Can somebody educate me on the differences in the various types of cam arrangements out there? I have owned a number of one cams. But what is the difference in a binary, cam and a half, or two cam? I would like to learn.

Thanks


----------



## ElkJunky1208 (May 18, 2009)

it all has to do with the cable configurations...A single cam has one string and one y cable going from limb to cam. A hybrid is basically a glorified solocam, it has a string connecting cam to cam, a y cable (buss cable) that goes from limb to cam, and a control cable that goes from cam to cam; this control cable basically takes over the second half of the single string you have on a solocam. A binary cam has a string conecting cams, and two control cables that hook the top cam to the bottom cam so that they are slaved together; this ensures the cams are traveling the same exact speed and workin together. A 2 cam bow has one string connecting cams and two buss cables (y cables) that connect the top limb with the bottom cam, and the other connects the bottom limb to the top cam, this loads max energy in the limbs for more speed.


----------



## mitchell (Mar 5, 2005)

That helps a lot. I cannot say I understand it completely, but it is at least a beginning.

Is there any reading resource or DVD that you know of that would help me visualize the differences without owning the bows and a draw board?
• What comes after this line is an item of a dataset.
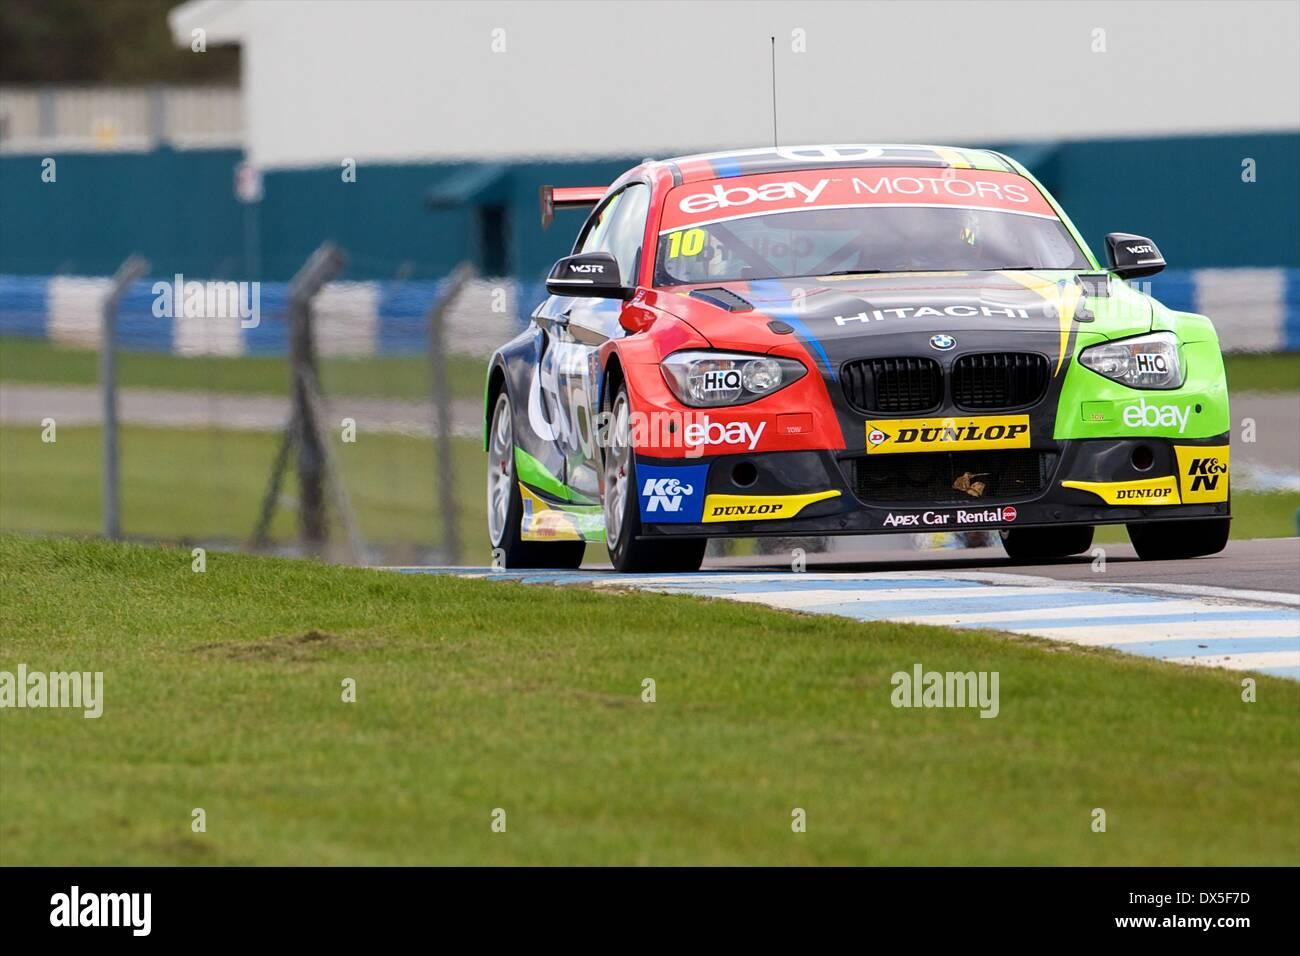 Donington, UK. 18th Mar, 2014. Rob Collard driving his eBay Motors ...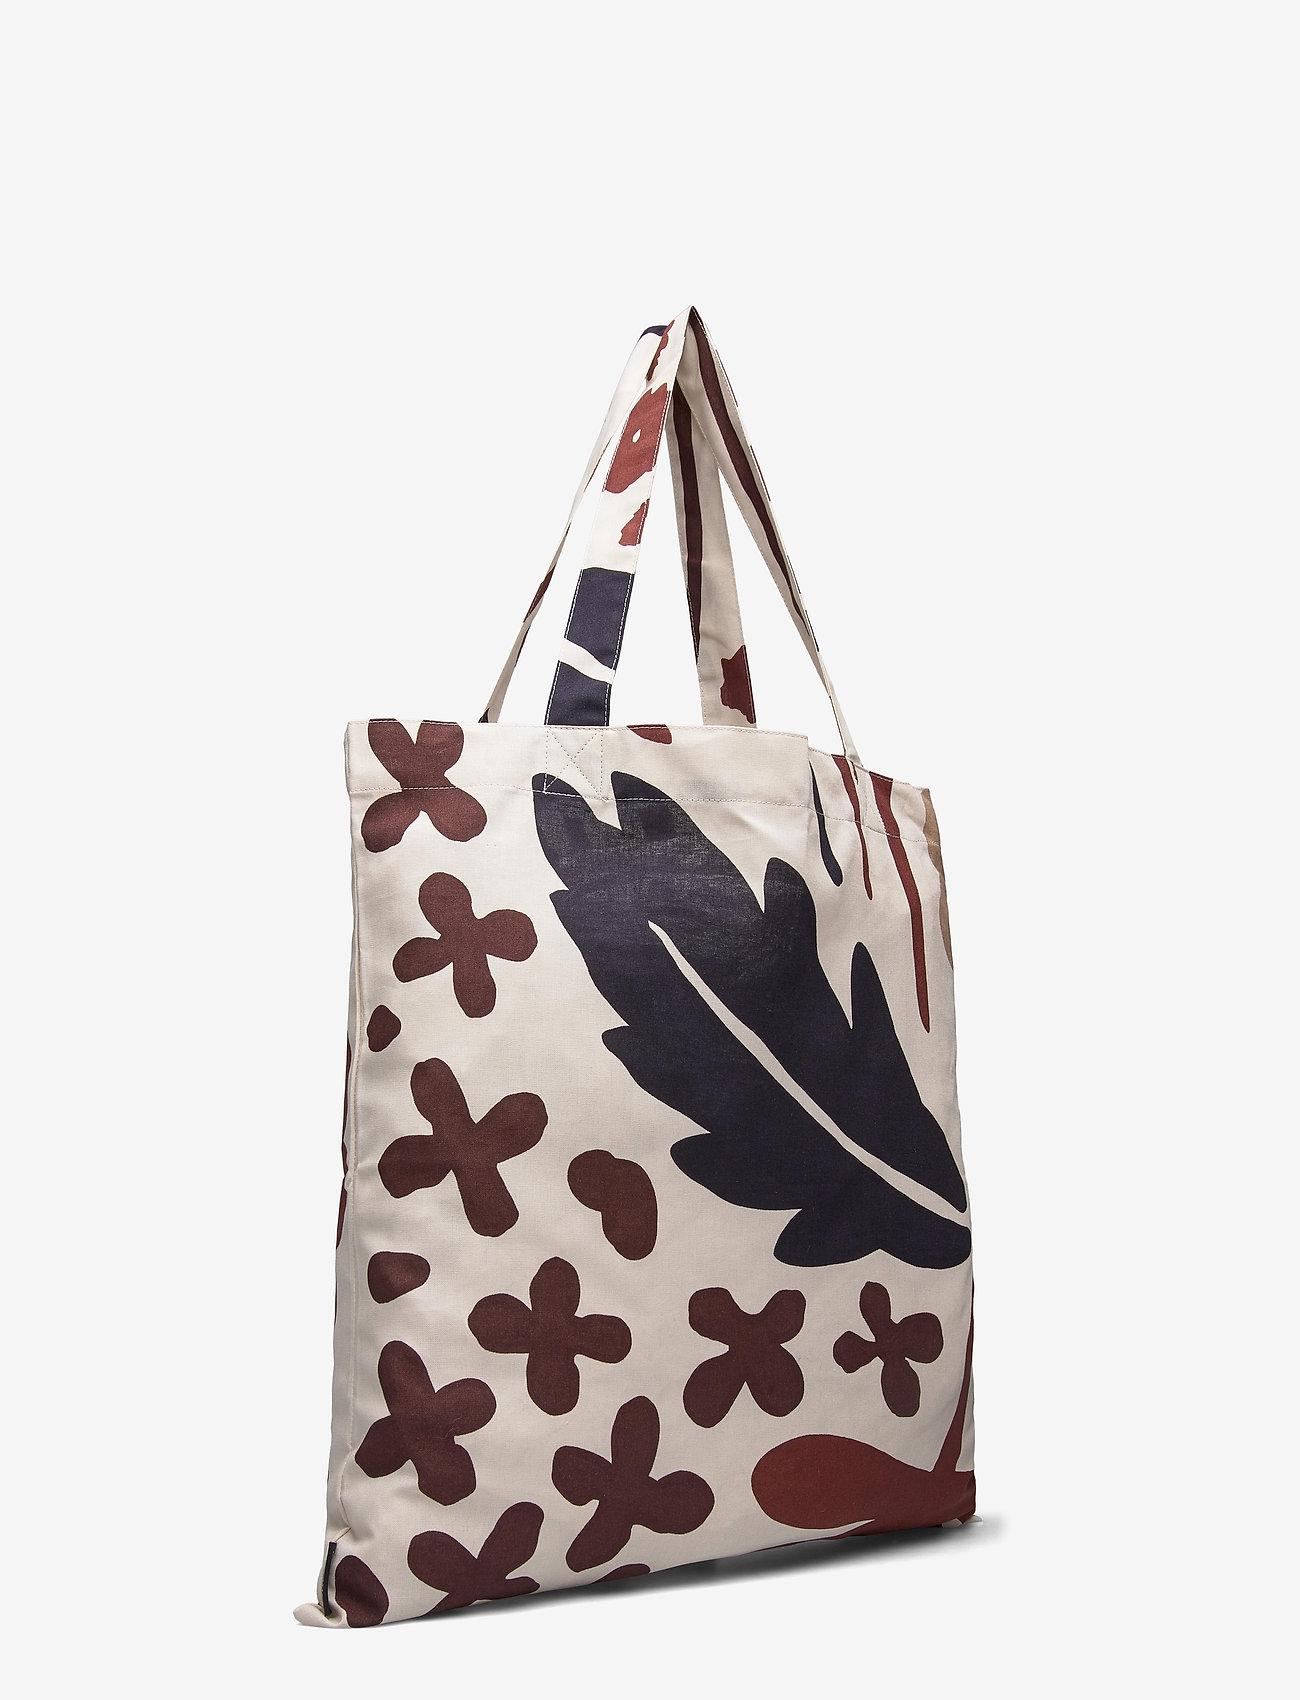 Suvi Bag (Beige Brown) (31 €) - Marimekko Home ruqol

By the way, thanks a bunch for the response. I was not so sure anybody would take the time. I appreciate the education.


----------



## ElkJunky1208 (May 18, 2009)

not sure of much reading but i can tell ya what companies do which bows. Hoyt is mostly hybrid cams, Bowtech is mostly Binary cams, and mathews does mostly solocams, and PSE had a few Dual cams last year.


----------



## Roskoes (Jun 17, 2007)

I have never thought of the hybrid cam as a "glorified solo cam" - it strikes me more as a somewhat complex attempt to engineer the binary cam concept to allow for the fact that the nocking point is not at the midpoint of the axle to axle distance.


----------



## FS560 (May 22, 2002)

The hybrid is just a one cam bow with the long string split into a bowstring and a control cable and with a two track control unit at the top that looks like a cam but is simply a device to more precisely control the nock path.


----------



## doughboy181 (Oct 2, 2010)

Good to know. I was curious myself!


----------